**TASK DIRECTIONS**. For this exercise, retype the lines from the one that holds "Trucos y t cnicas" through the one that holds "謝祖武(左)擁抱安慰剛喪父的潘慧如。圖/TVBS提供 潘慧如無緣見失智父最後一面 勾喪母回憶痛哭" in the records below, both included, exactly and without pictures.

**GIVEN INFORMATION**.
○ ○ ○ ○ ○
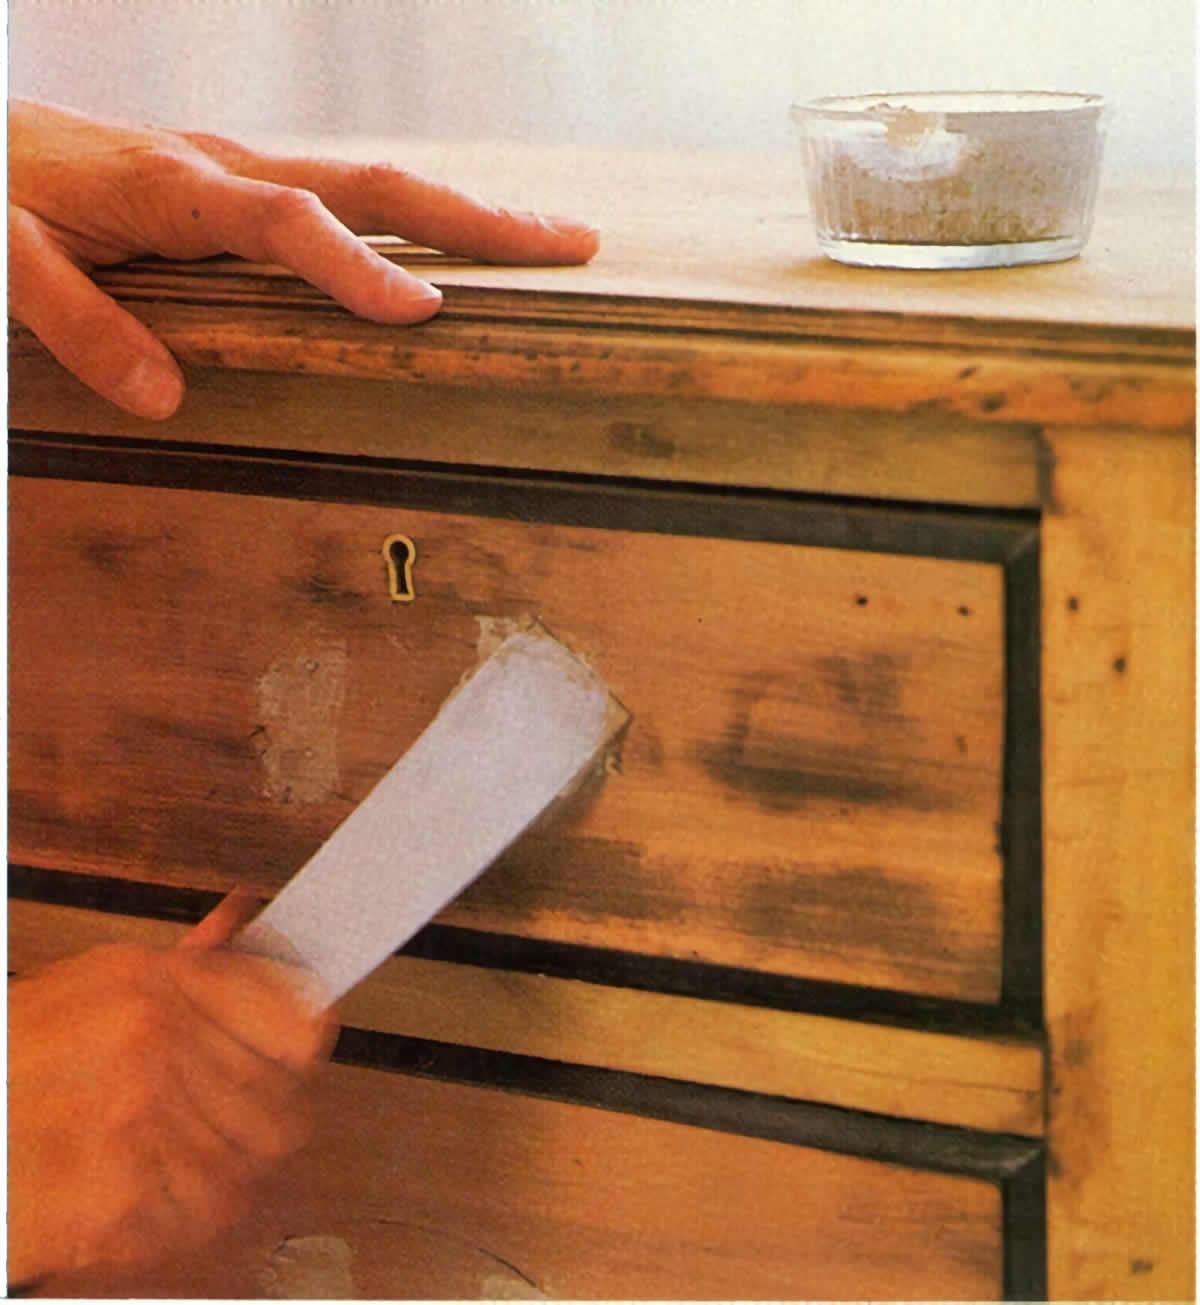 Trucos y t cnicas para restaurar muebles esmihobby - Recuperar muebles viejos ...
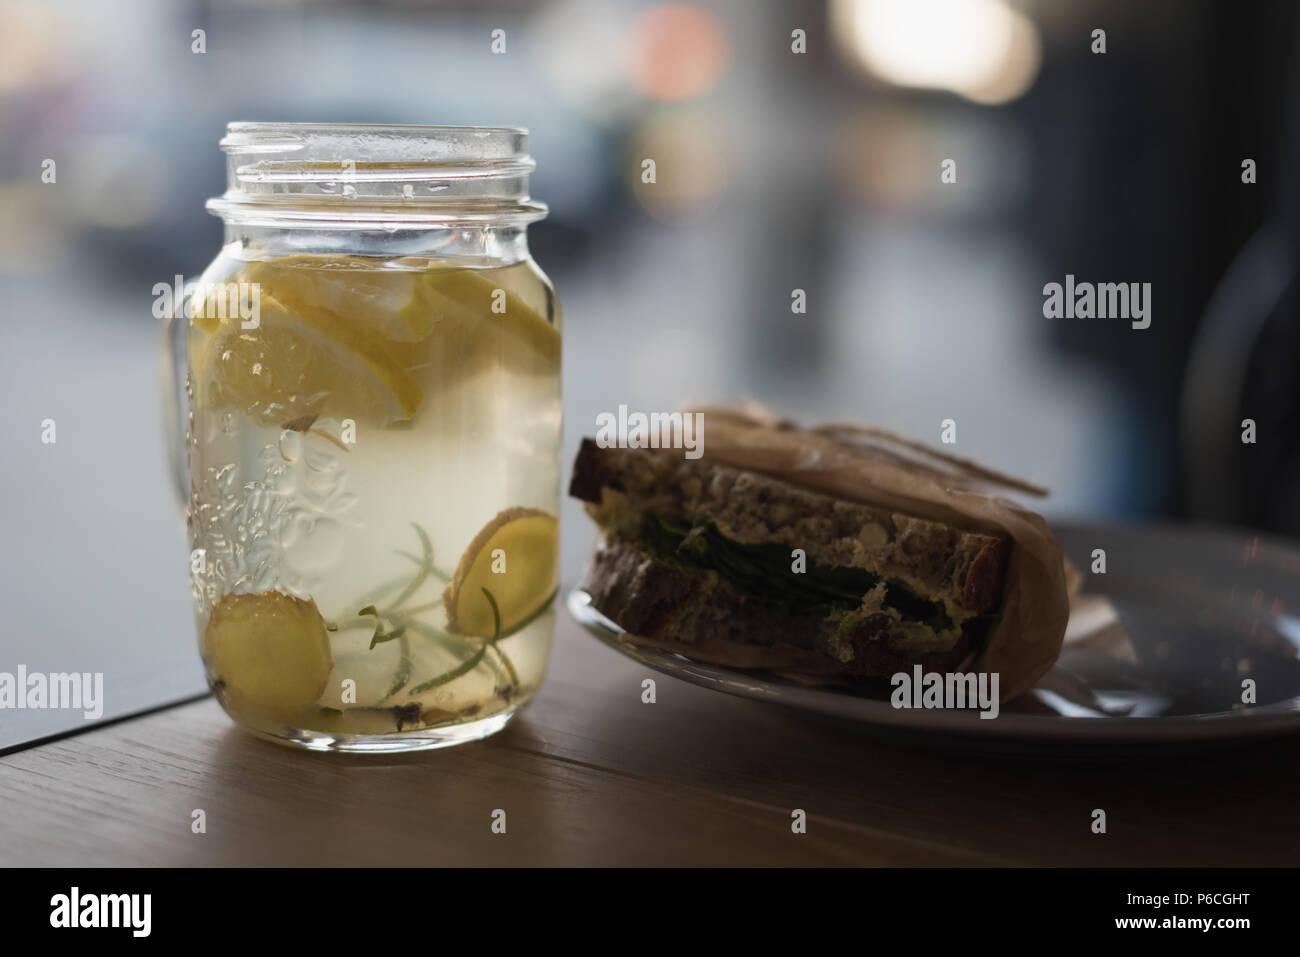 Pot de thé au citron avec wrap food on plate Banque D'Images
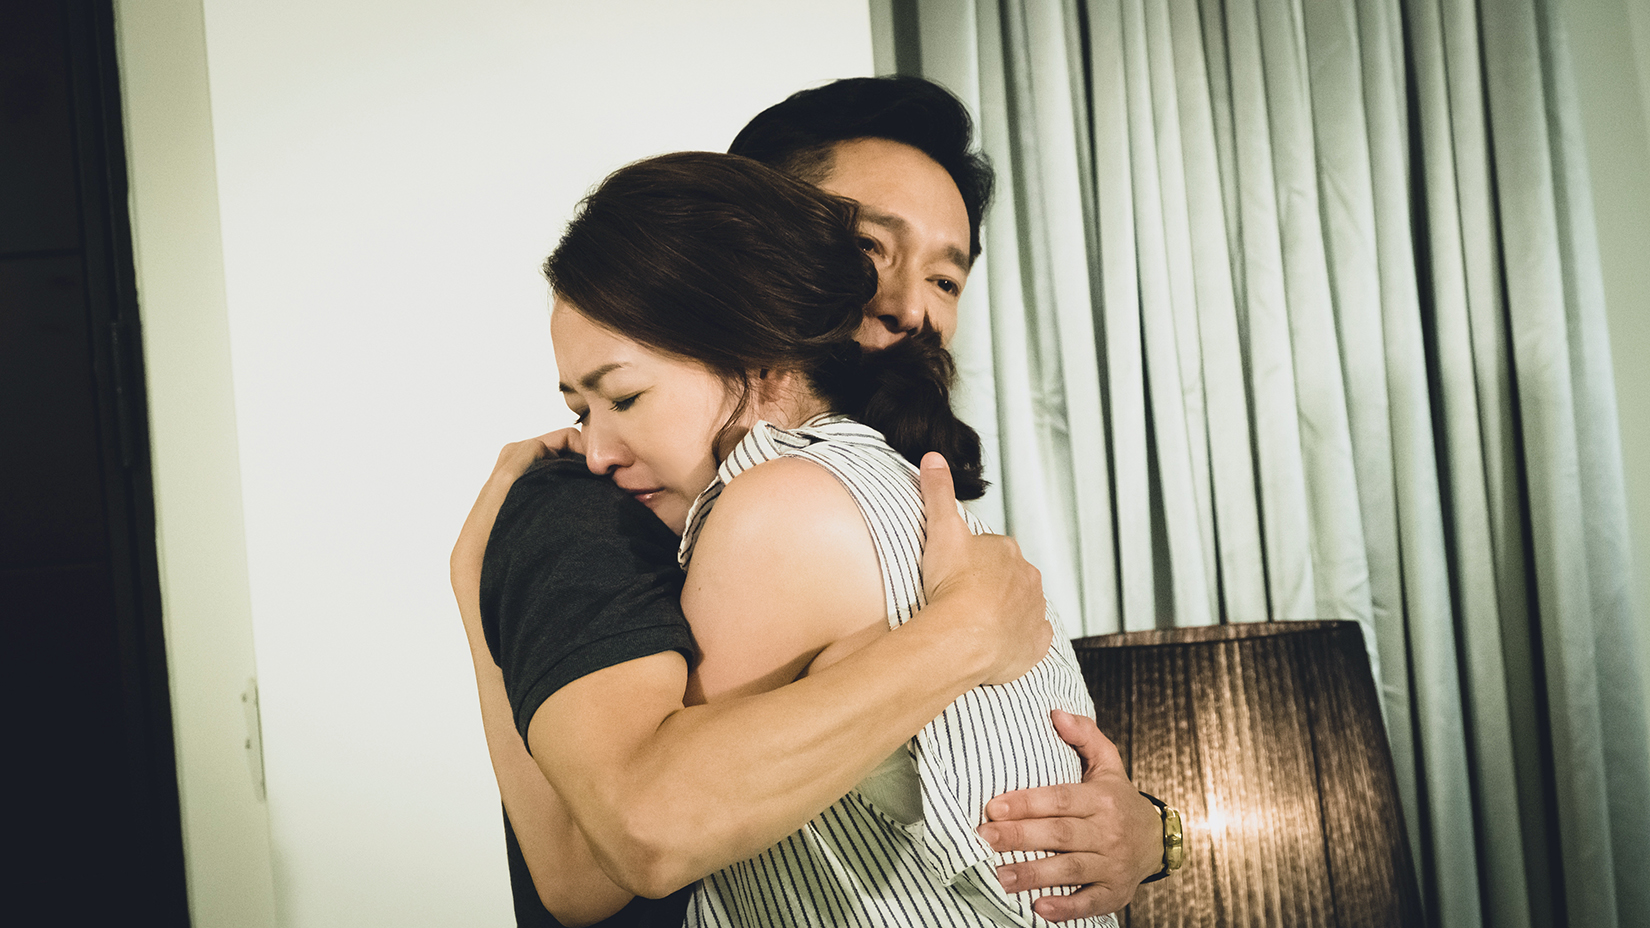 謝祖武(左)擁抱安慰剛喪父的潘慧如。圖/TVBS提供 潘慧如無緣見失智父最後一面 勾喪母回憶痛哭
○ ○ ○ ○ ○
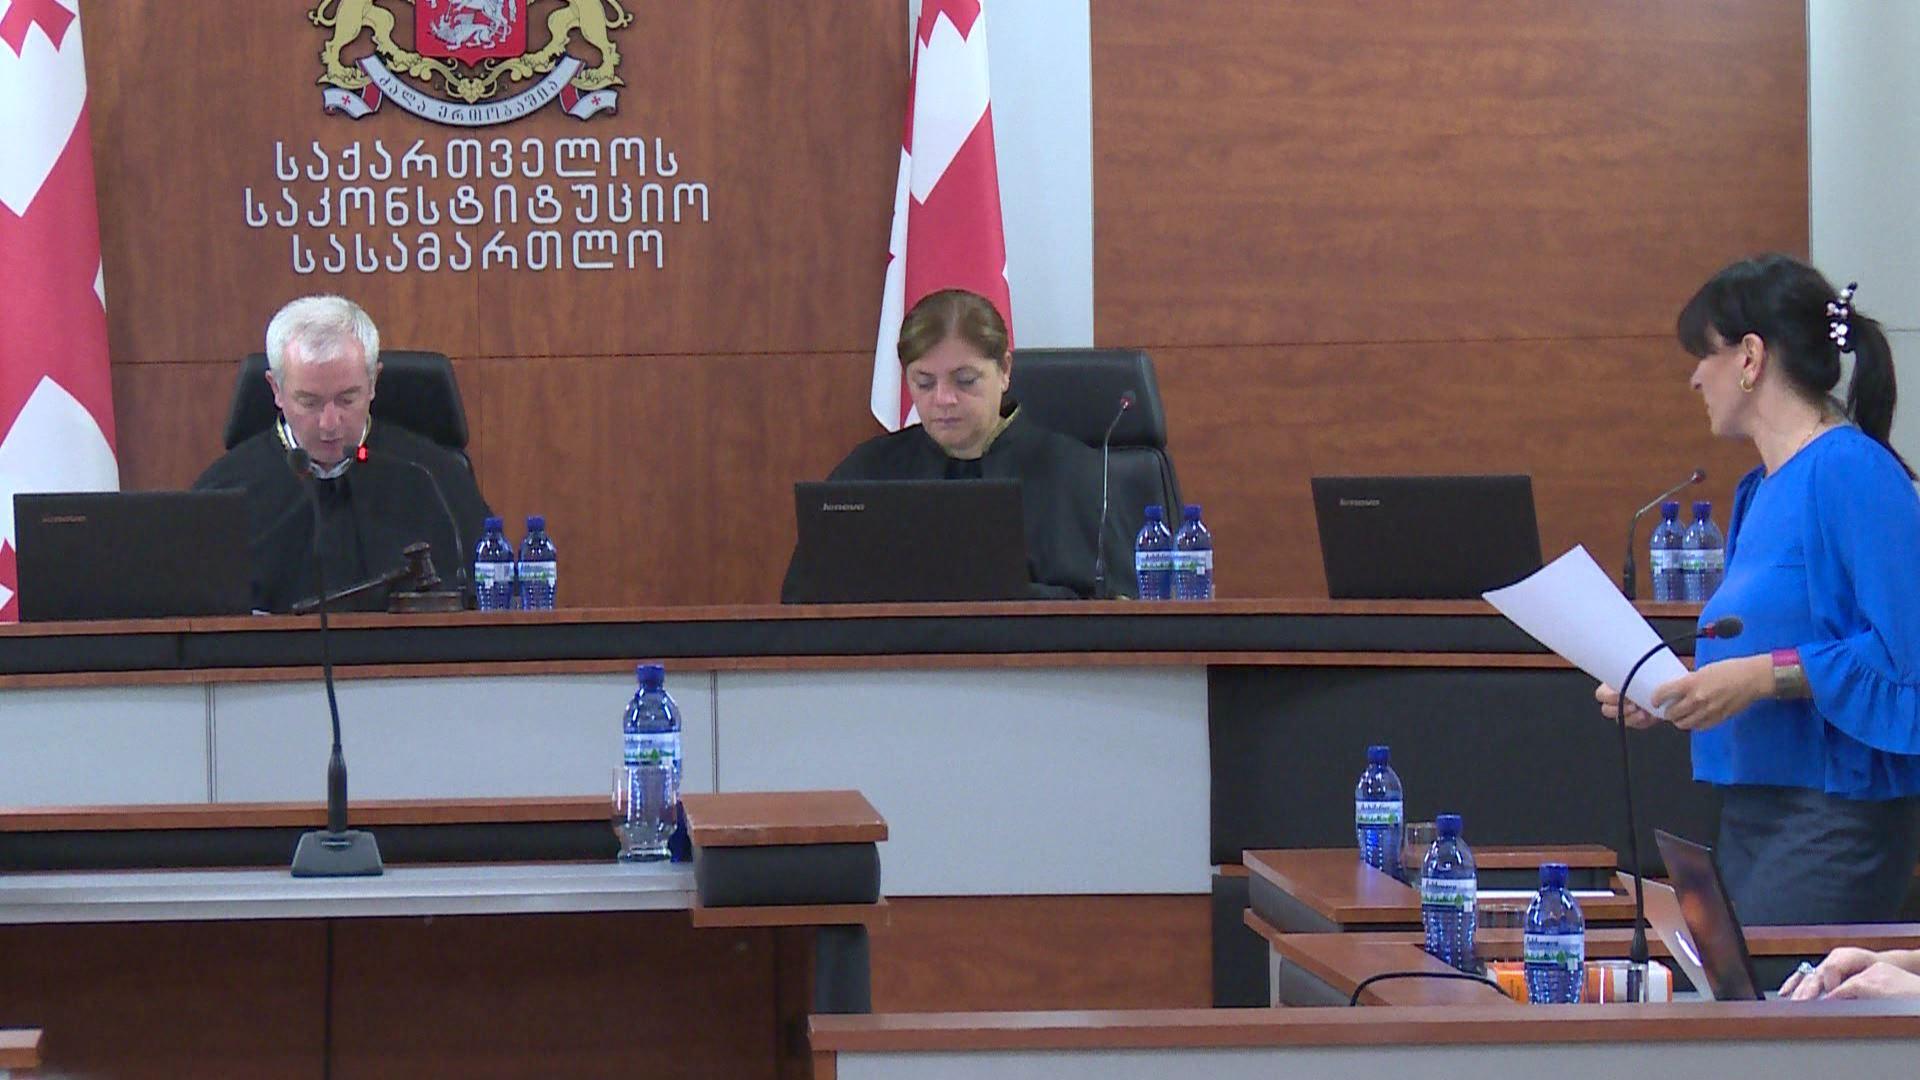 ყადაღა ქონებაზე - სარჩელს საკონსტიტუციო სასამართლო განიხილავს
○ ○ ○ ○ ○
**ANSWER TO THIS PROBLEM**.
 Trucos y t cnicas para restaurar muebles esmihobby - Recuperar muebles viejos ...
 Pot de thé au citron avec wrap food on plate Banque D'Images
 謝祖武(左)擁抱安慰剛喪父的潘慧如。圖/TVBS提供 潘慧如無緣見失智父最後一面 勾喪母回憶痛哭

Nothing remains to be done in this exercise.